Cory Strassburger, a co-founder of a VR Studio called Kite & Lightning, talked about using IPhone X to create facial animations.
Cory Strassburger, a co-founder of a VR Studio called Kite & Lightning, talked about using IPhone X to create facial animations.
Intro
Why iPhone X
Capturing Process
– Next I copy the text files from the iPhone X to the desktop via USB.
– The captured data needs to be reformatted for importing into Maya so I wrote a simple desktop app to do this. It takes the chosen text file(s) and converts them to Maya .anim files. This converter needs a lot of work. Because the .anim file require a lot of specific information about the names of your blendshapes, frame rate, etc.. I ended up hardwiring that data to my specific setup but if I rename a blendshape or blendshape node I have to change the data. Its a bit of a pain though that will vanish once I add some features to the converter.
– Lastly I import the .anim file into Maya (via the shape editor) and voila, your Maya character is mimicking what you saw on the iPhone during capture. Of course this data could drive any character assuming it has the same blendshape set. If not you could manually connect the animation data to any channel you want.

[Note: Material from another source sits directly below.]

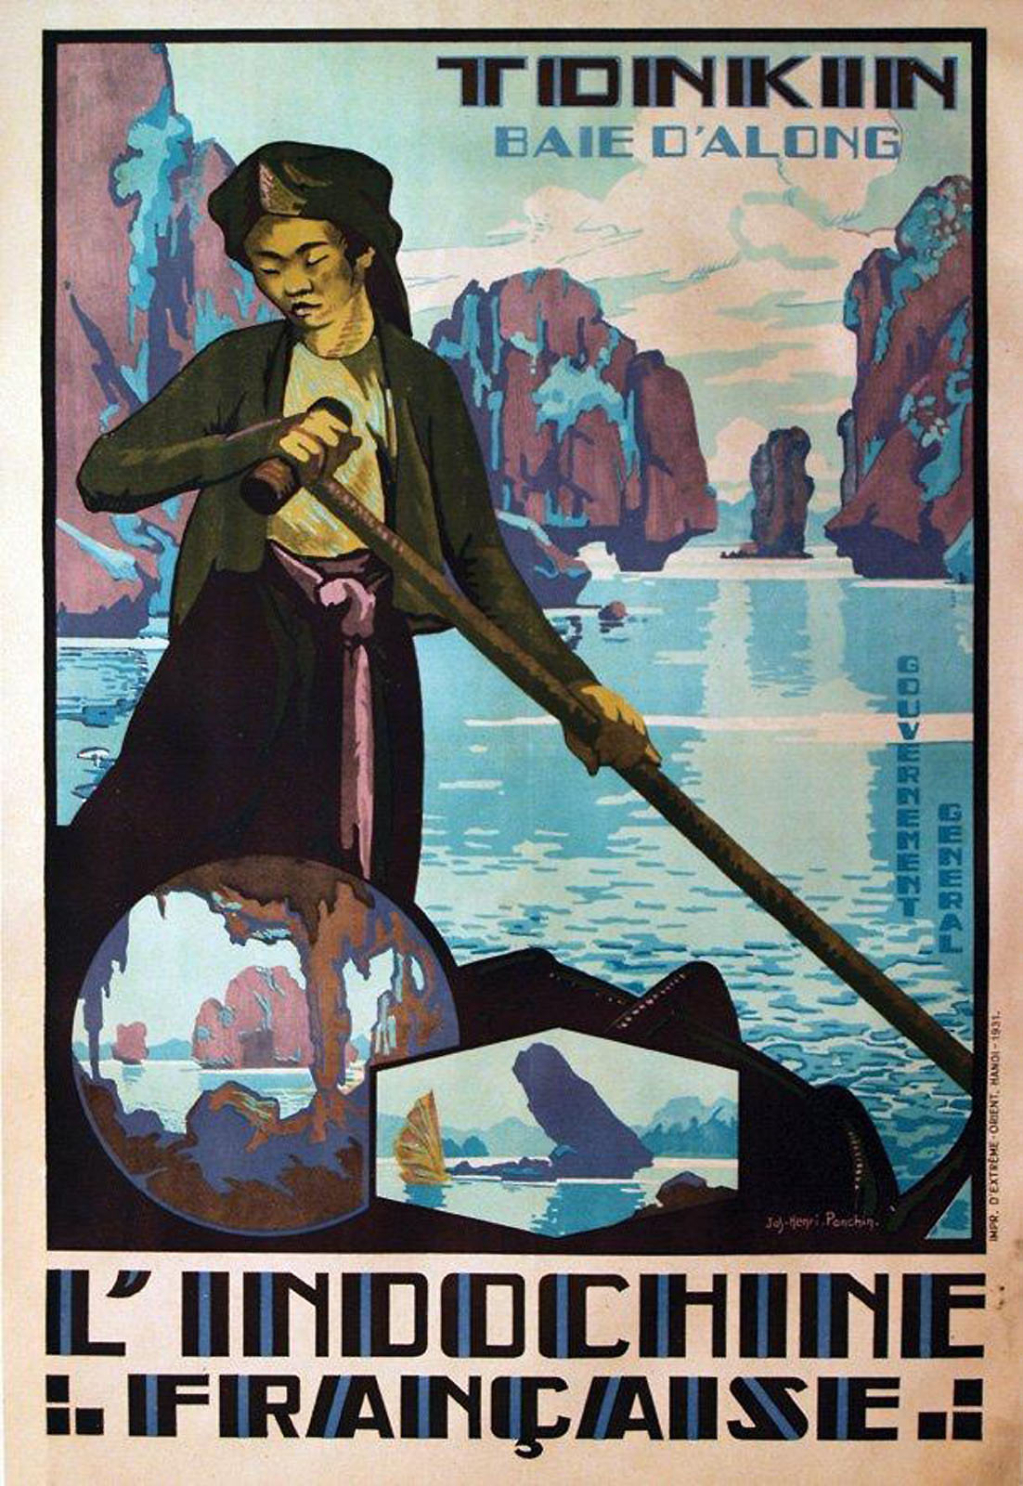 Vịnh Hạ Long được quảng bá trên trang bìa tạp chí Indochine (Đông Dương) năm 1931.

The whole process is so fast to just whip out the phone, plug in a mic and start recording and importing into maya is just a couple clicks. The beauty for me is the way my facial rig is setup now, I can theoretically import the data, clean up any artifacts pretty quickly (as there are so few), and then with the core part of my facial rig, animate quickly on top of the data to add more expressivity. I just got all this working so I haven’t tested that theory yet. Another big improvement thats not shown in either test is the jaw articulation is now way more physically accurate. In Unity, for quickly testing, I just linked the lower jaw, teeth and tongue to the “JawOpen” Blendshape which is a hack and not the way your mouth works. However with my actual facial rig, the jaw responds to the mouth movements more accuratly so the next tests should reflect that.
Performance
Haha, it is exactly the same data thats driving the emoji’s (Well, assuming apple didn’t keep any special treats locked up for themselves) though it’s all exposed via ARKit so no real hacking needed. I am no expert in facial animation tech but from my experience I’ve found that facial tracking technology that uses a depth camera like the iPhone X or Faceshift (which apple bought to create these features) can generate a more accurate facial model than one using a mono 2d camera. And from my observations its not a dramatic difference but usually I see it in the puckering and mouth articulations were the lips protrude. In 2d I think its hard to tell exactly what the mouth is doing without that extra depth data. I imagine the 2d algorithm has to cleverly make those decisions based on the mouth shape along with what the other facial shapes are doing.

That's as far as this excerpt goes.